======== DATA PROVIDED ========

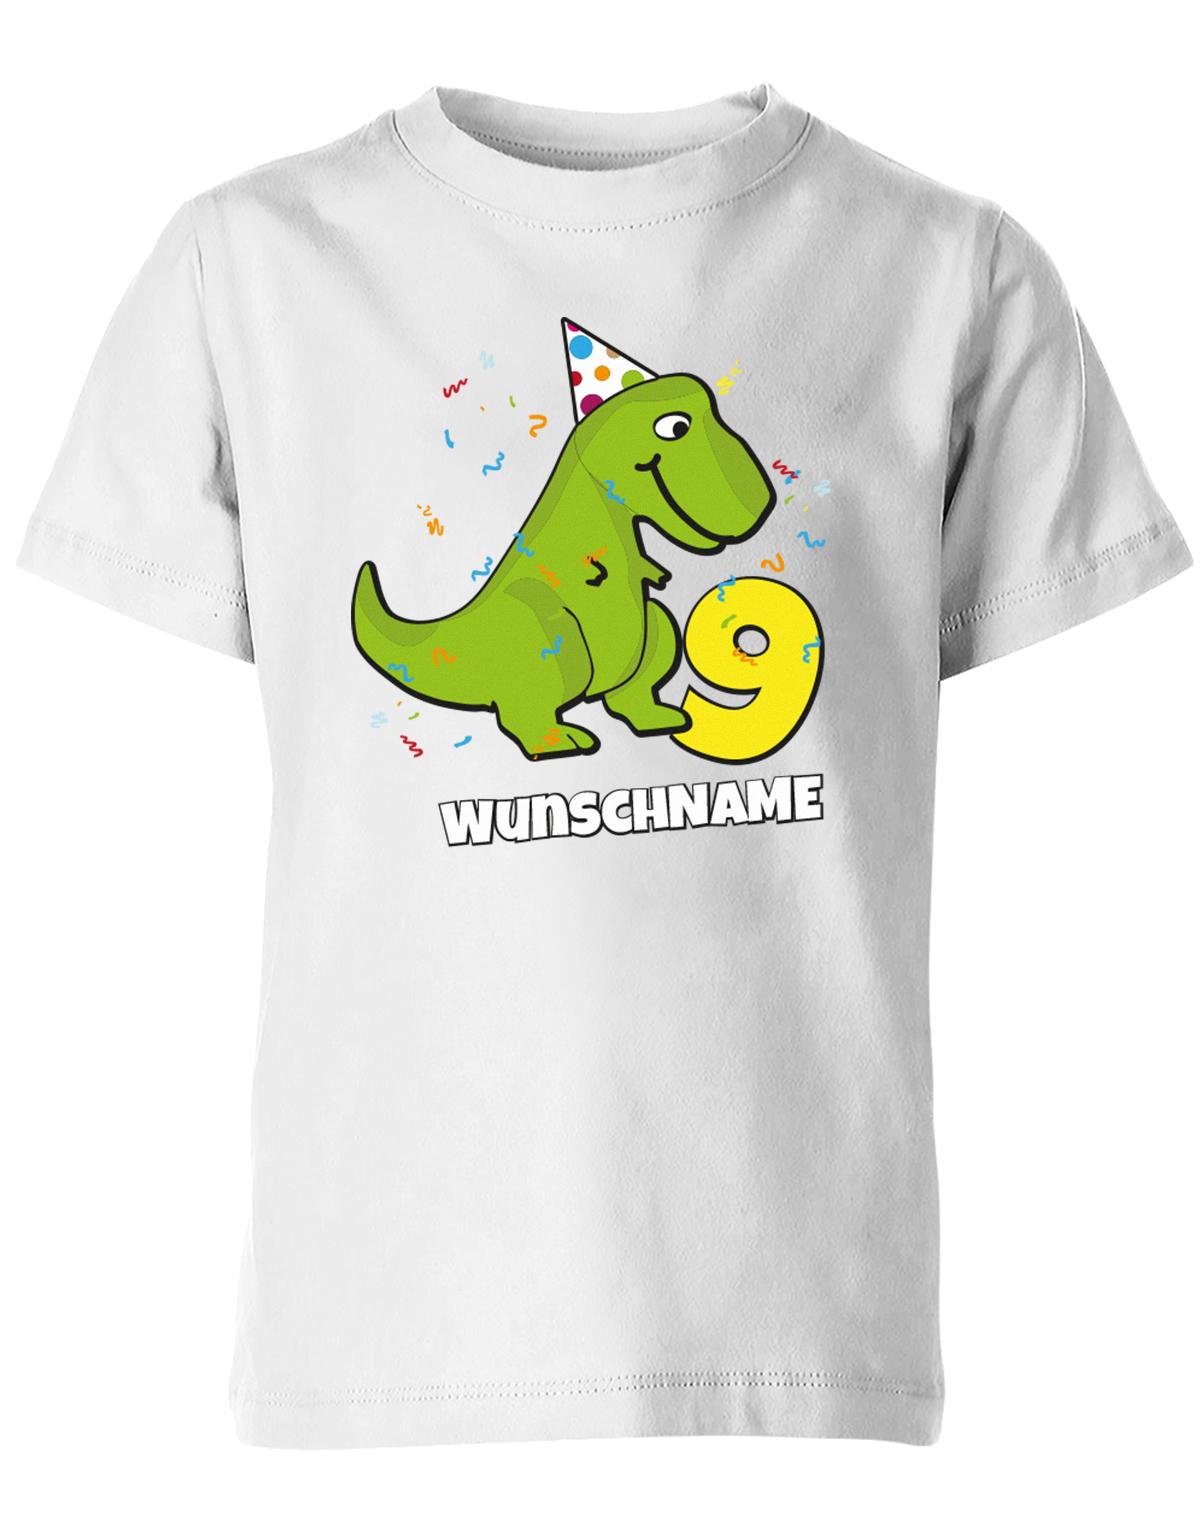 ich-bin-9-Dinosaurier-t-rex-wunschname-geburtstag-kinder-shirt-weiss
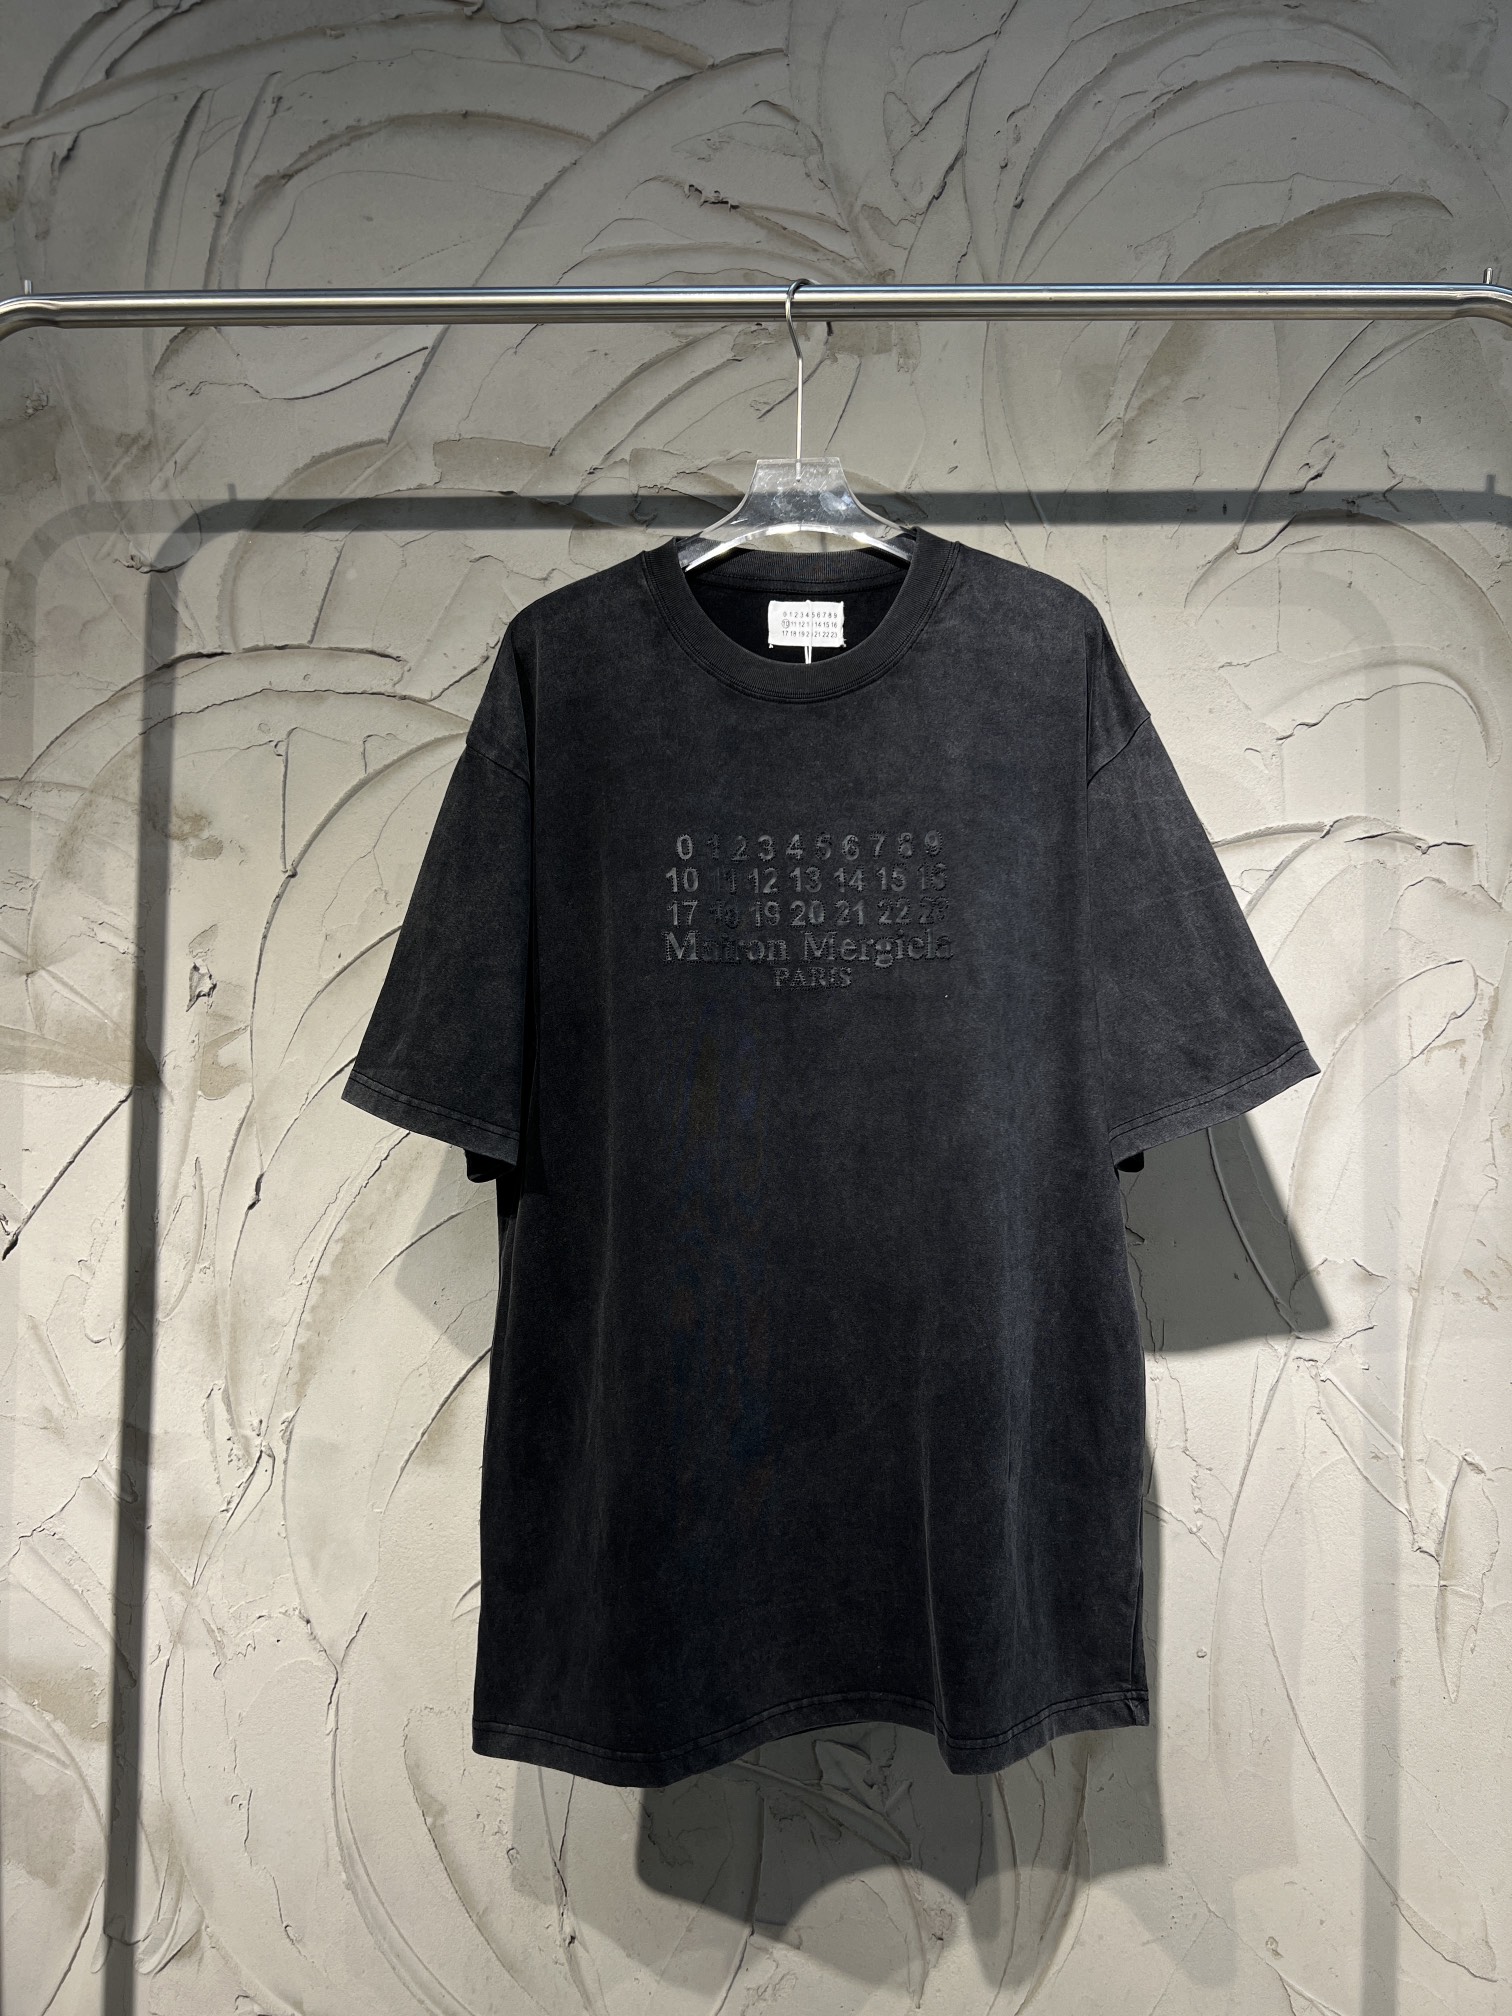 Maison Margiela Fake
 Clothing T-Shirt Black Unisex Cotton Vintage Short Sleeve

========

Your answer must be an exact copy of the listing, minus its pictures.

 ich-bin-9-Dinosaurier-t-rex-wunschname-geburtstag-kinder-shirt-weiss
 Maison Margiela Fake
 Clothing T-Shirt Black Unisex Cotton Vintage Short Sleeve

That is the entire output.